Stored data
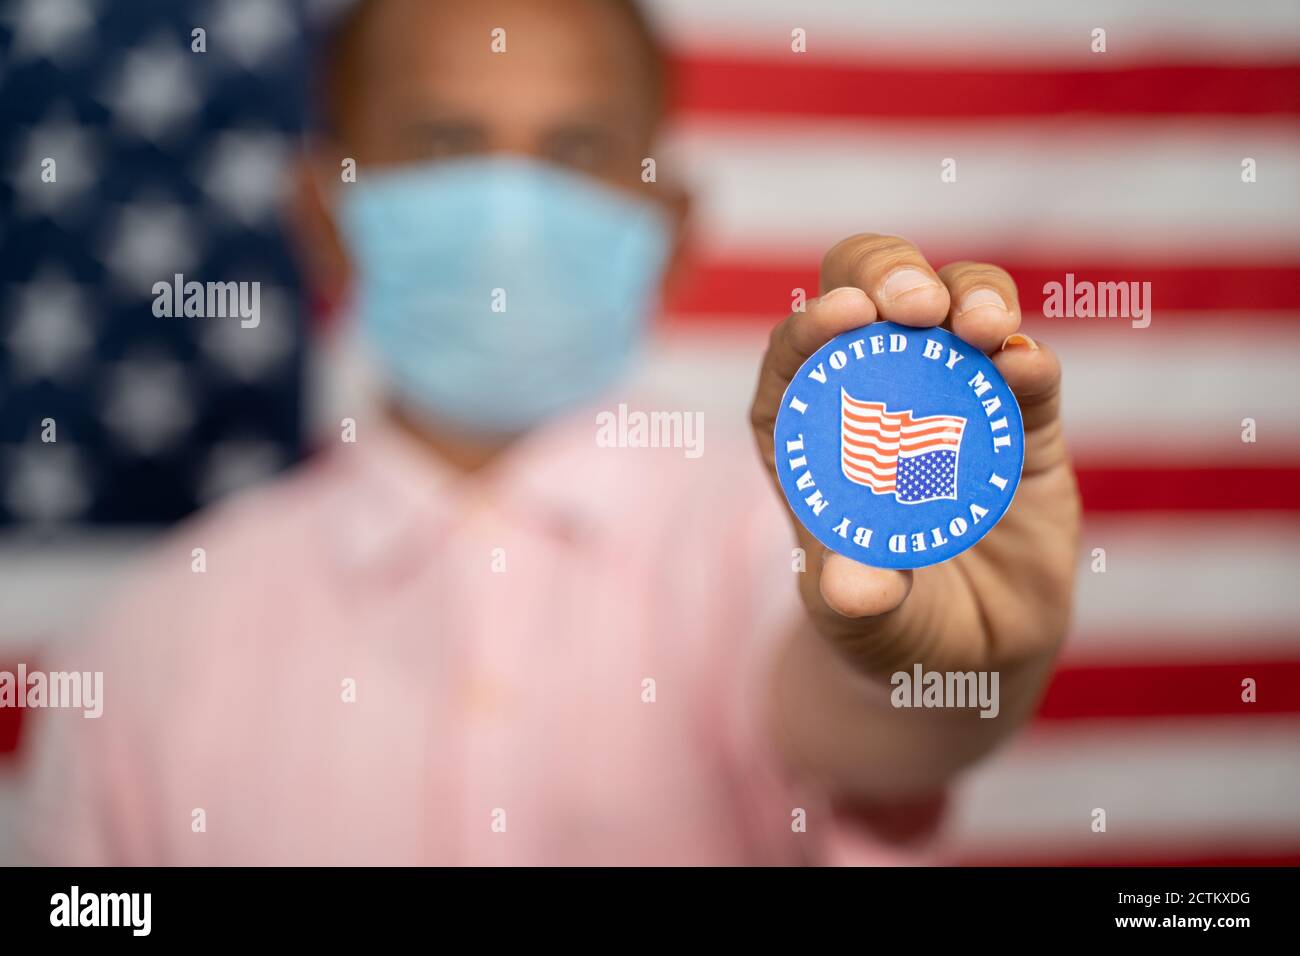 Mann in medizinischer Maske zeigt, dass ich per Mail-Aufkleber mit US-Flagge als Hintergrund gestimmt habe - Konzept der Post bei der Wahl in den USA. Stockfoto
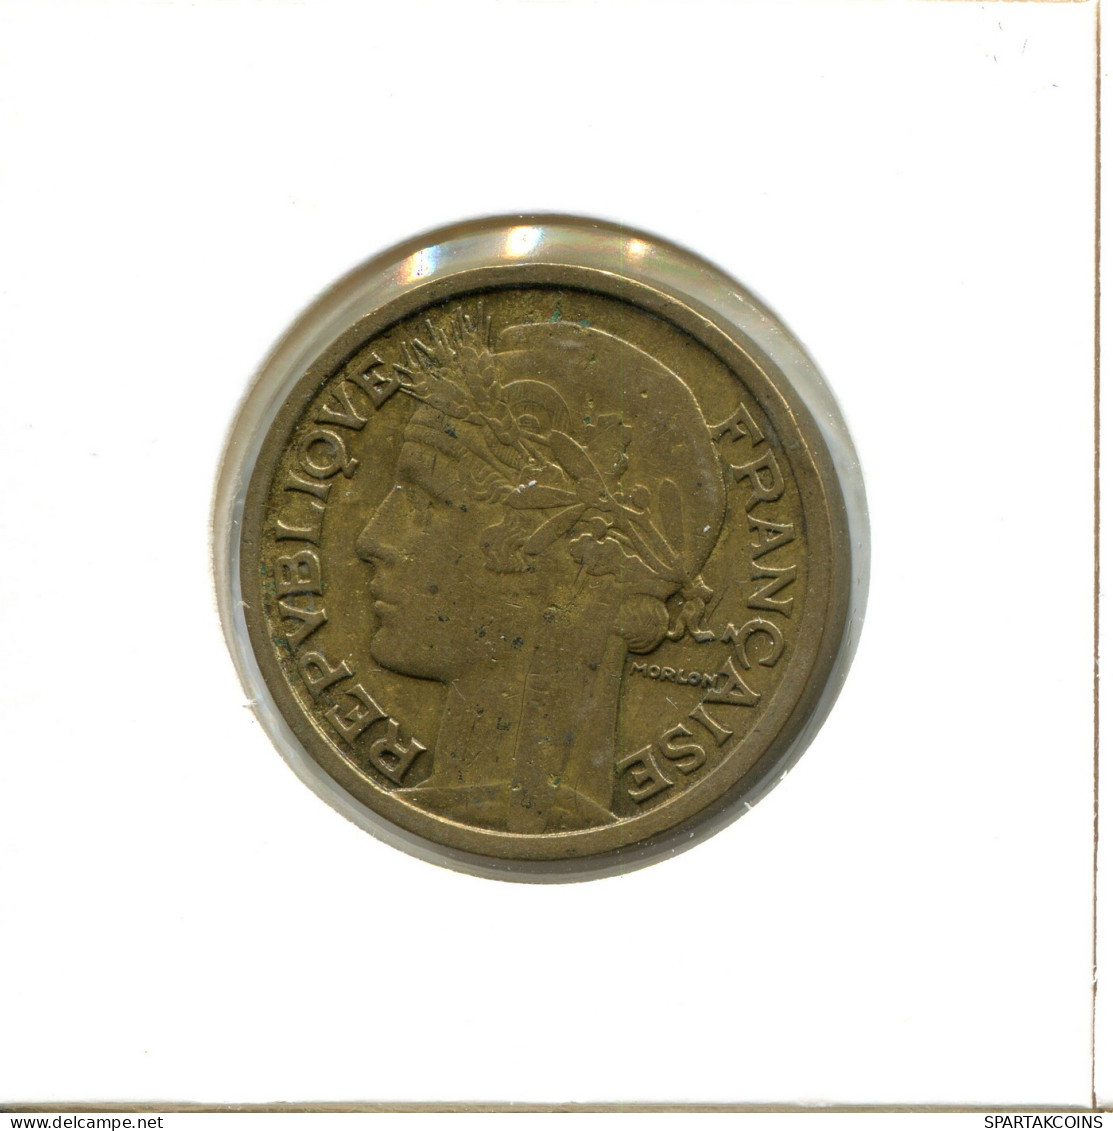 2 FRANCS 1936 FRANKREICH FRANCE Französisch Münze #AX597.D.A - 2 Francs
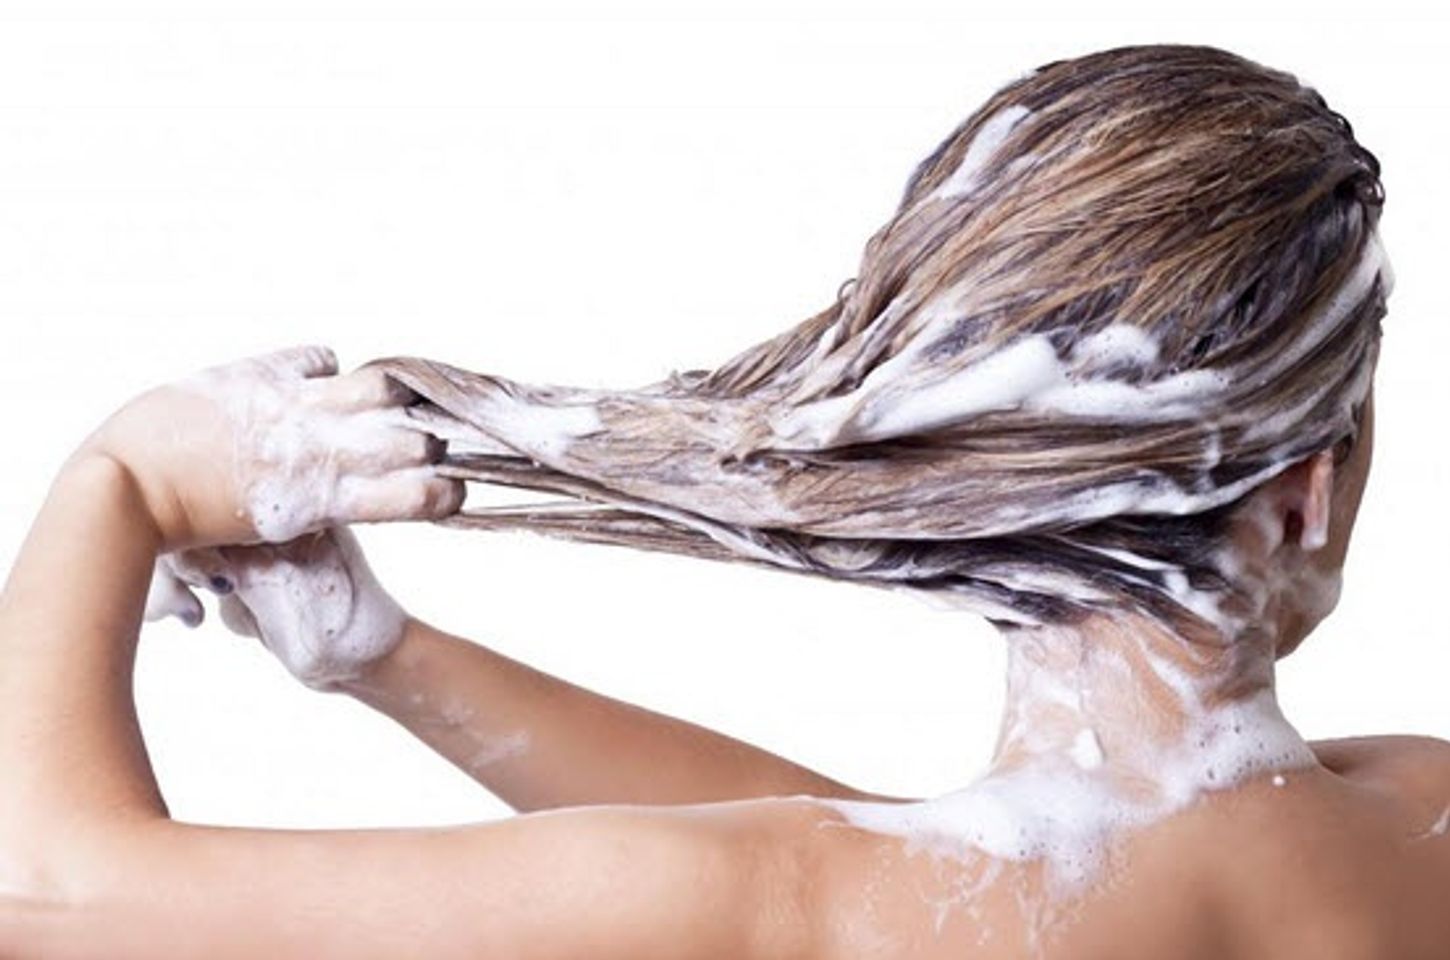 Sử dụng thường xuyên để đạt hiệu quả chăm sóc tóc tốt hơn mỗi ngày
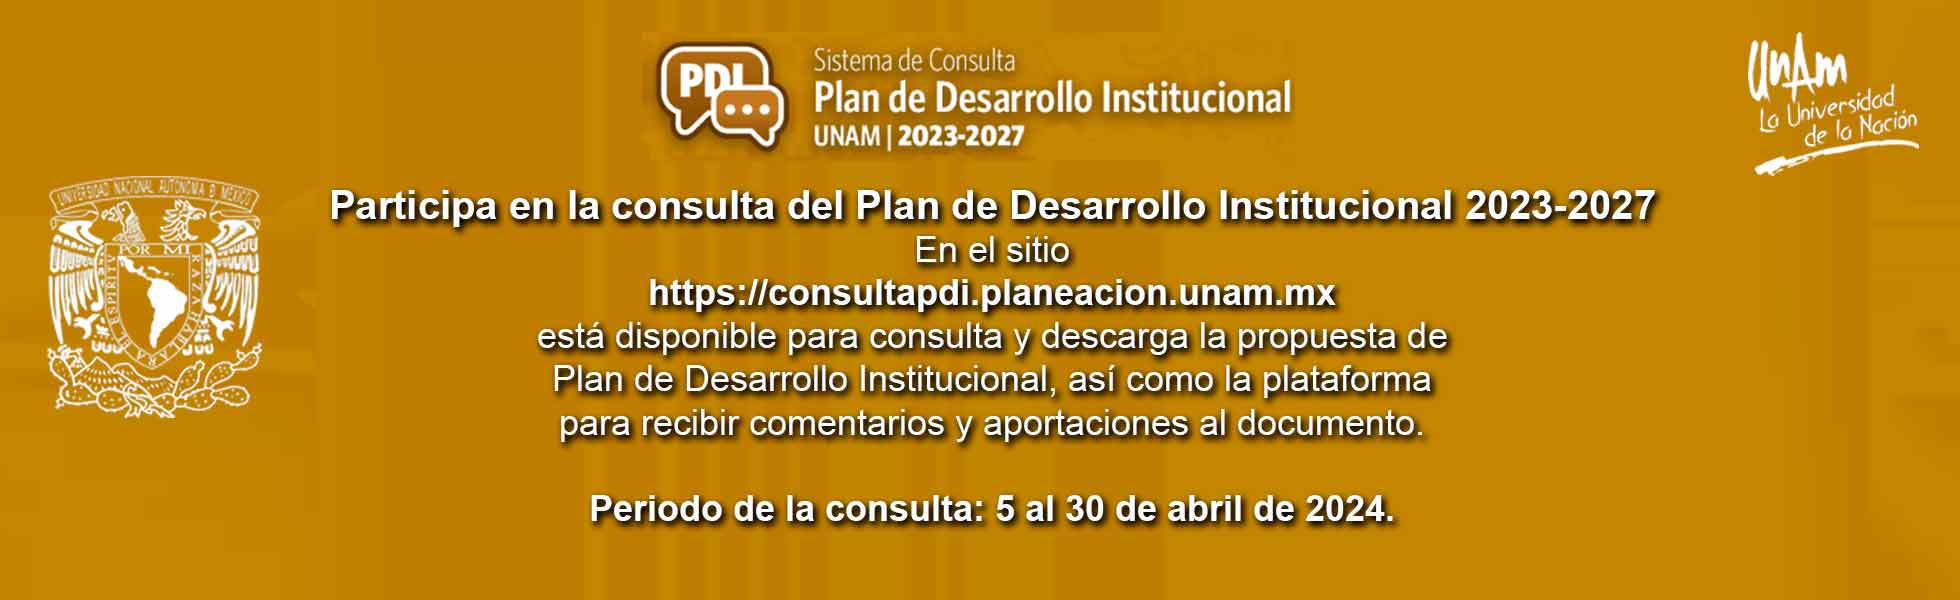 Consulta Plan de Desarrollo de la UNAM 2023-2027
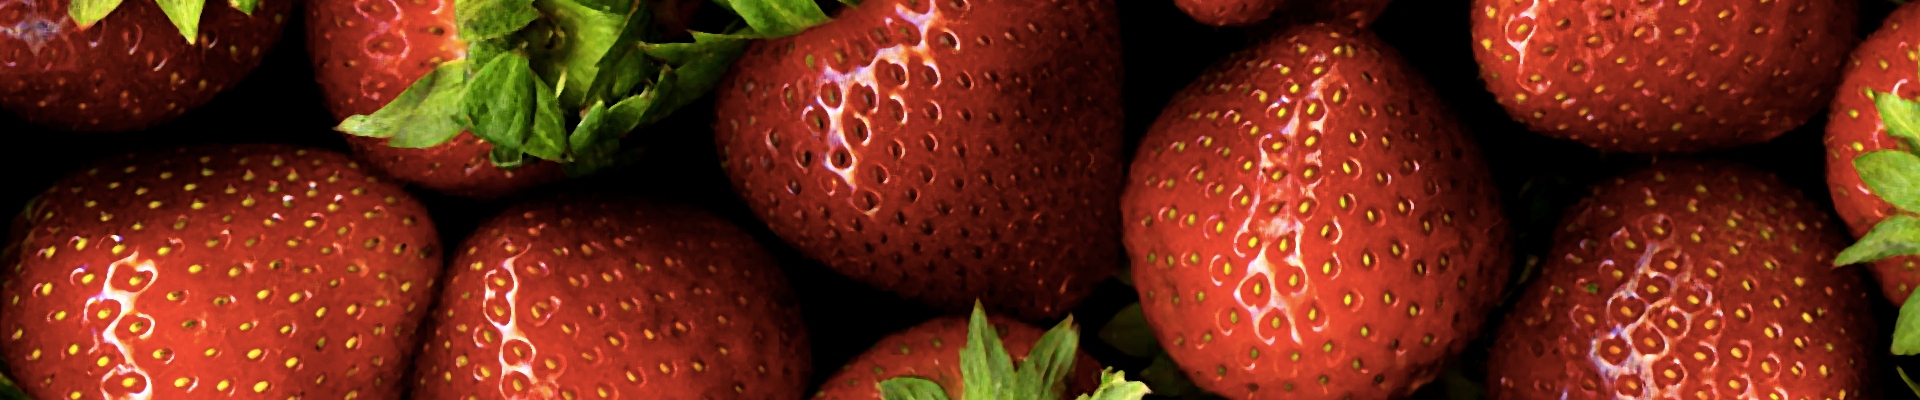 Productores y distribuidores de fresas

== Instructions to follow ==
The entries are to be restated word for word, and no picture should appear in the copy.

== Your solution ==
 Mann in medizinischer Maske zeigt, dass ich per Mail-Aufkleber mit US-Flagge als Hintergrund gestimmt habe - Konzept der Post bei der Wahl in den USA. Stockfoto
 2 FRANCS 1936 FRANKREICH FRANCE Französisch Münze #AX597.D.A - 2 Francs
 Sử dụng thường xuyên để đạt hiệu quả chăm sóc tóc tốt hơn mỗi ngày
 Consulta Plan de Desarrollo de la UNAM 2023-2027
 Productores y distribuidores de fresas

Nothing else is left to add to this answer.